Short Creek oolite member of Boone formation. Thin but persistent bed of oolitic limestone, 1.5 to 8 feet thick. Generally a single massive homogeneous bed, but in some places divides into 2 beds which may have slightly different characteristics. Lies about 100 feet above Grand Falls chert member and about 100 feet below Carterville formation.
Named (p. 5) from exposures along Short Creek, a stream flowing westward between Galena and Empire in Cherokee Co., KS. The type locality is the north bluff of the creek half a mile south of west of the Empire depot and a hundred yards north of the crossing of the Missouri, Kansas, and Texas and Frisco railways. Thompson (1986, Missouri Dept. Nat. Res., Div. Geol. and Land Survey, Rpt. Inv. 70, pt. 4, p. 95) added "This is just north of the center of the line separating secs. 14 and 15, T. 34 S., R. 25 E. ...Baxter Springs 7.5-min quadrangle."
See also Missouri Geol. Survey lexicon (T.L. Thompson, 2001, Missouri Div. Geol. and Land Survey Rpt. Inv., no. 73, 371 p.).
Source: US geologic names lexicon (USGS Bull. 896, p. 1990); Missouri lexicon (Thompson, 2001, Missouri Geol. Survey Rpt. Inv., no. 73, p. 263-264).

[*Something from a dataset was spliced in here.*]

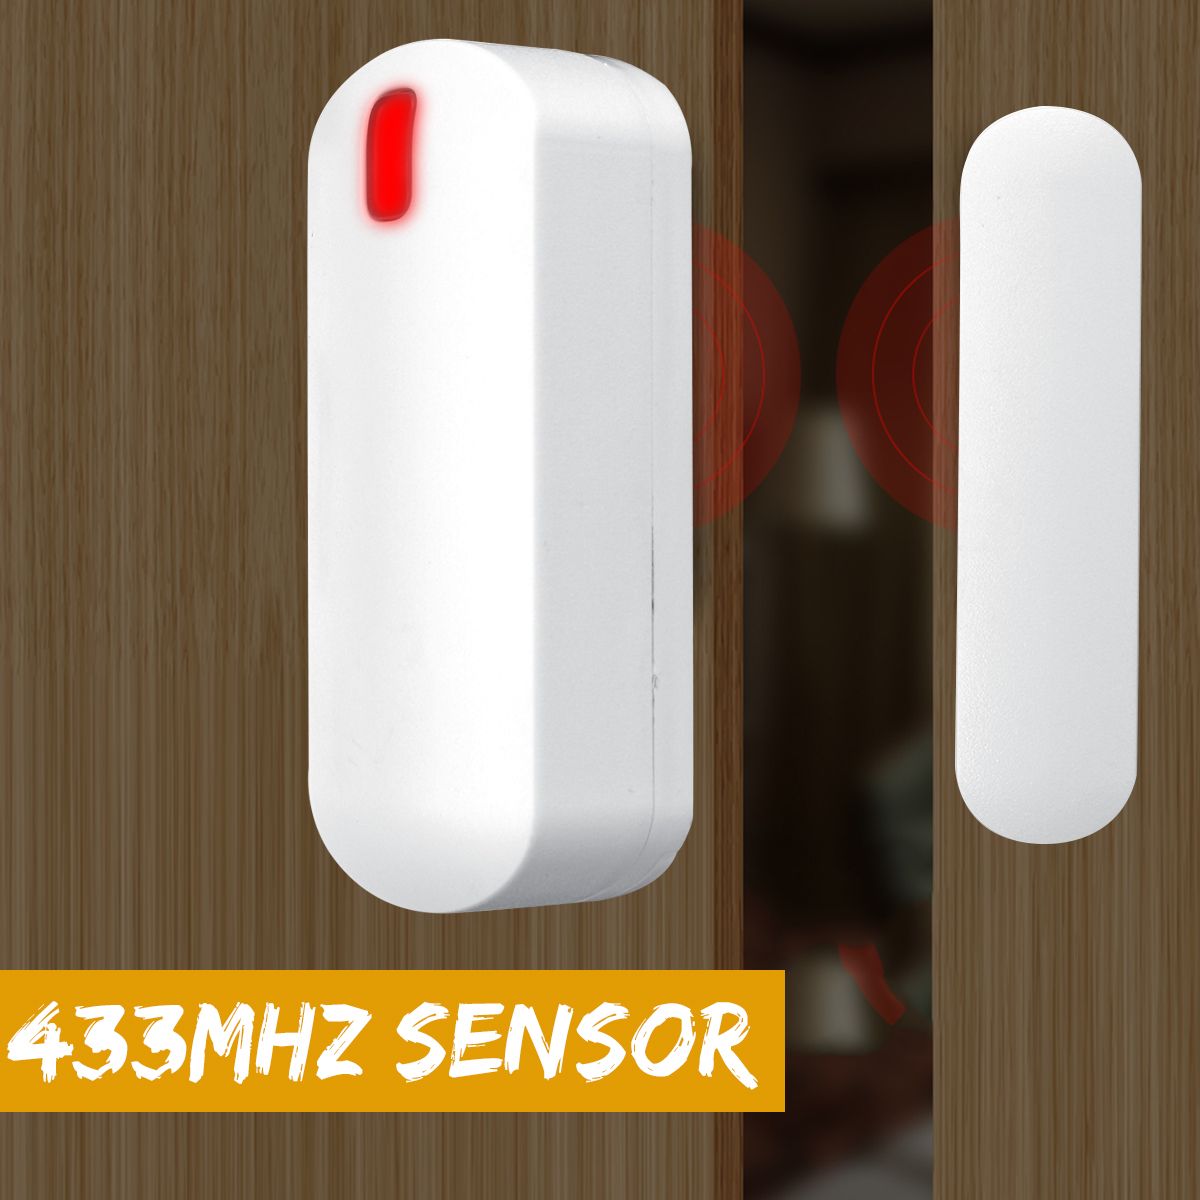 433MHz-Wireless-Security-Home-Door-Window-Entry-Alarm-System-Warning-Sensor-1431949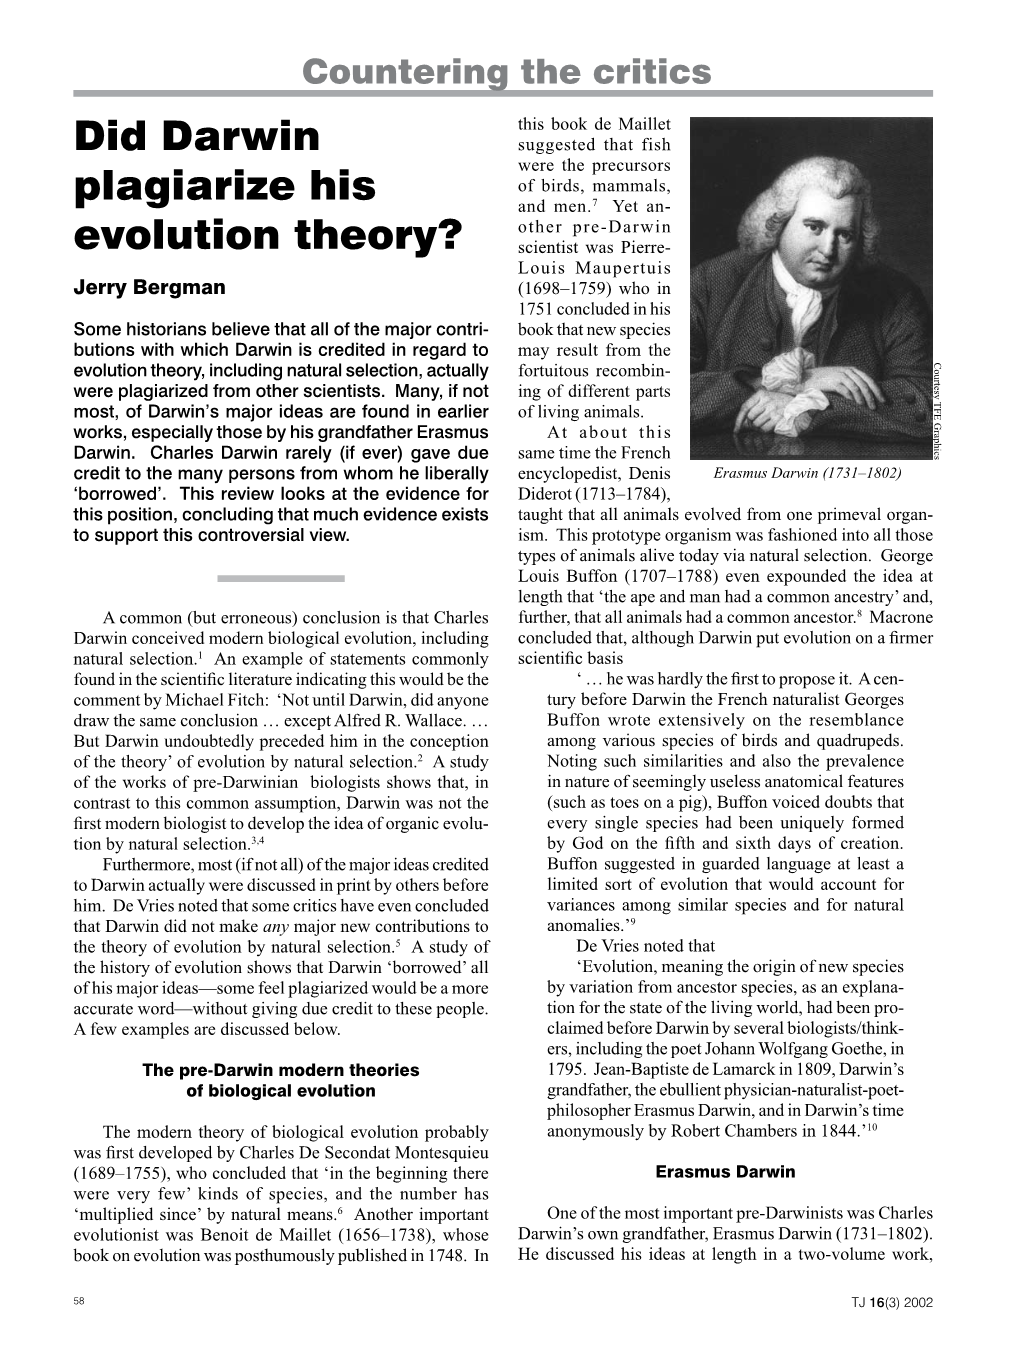 Did Darwin Plagiarize His Evolution Theory? — Bergman

Revised in that Short Creek Oolite Member (1 of 7 members) of Boone Formation disconformably overlies Joplin Member (named) and conformably underlies Baxter Springs Member (named), both of the Boone Formation. Area of study is in the Picher field, a mining district which straddles OK-KS State line just a few miles west of the MO State line on the Chautauqua platform and Cherokee basin. Is a persistent bed of brown, very even textured, oolitic limestone, only slightly glauconitic; is 0-10 ft thick in the mining field. The oolite is even textured, thickly packed, mostly rounded, averaging one fiftieth of an inch in diameter. Is unstable and loses its distinctive texture by recrystallization or solution. Crops out widely along the Neosho River and its tributaries. Isopach map; geologic map; cross section; stratigraphic table. Rare corals, fairly common bryozoans, dominant brachiopods, and a few mollusks, trilobites, and fish remains. Age changed from Mississippian series to Late Mississippian, Meramec.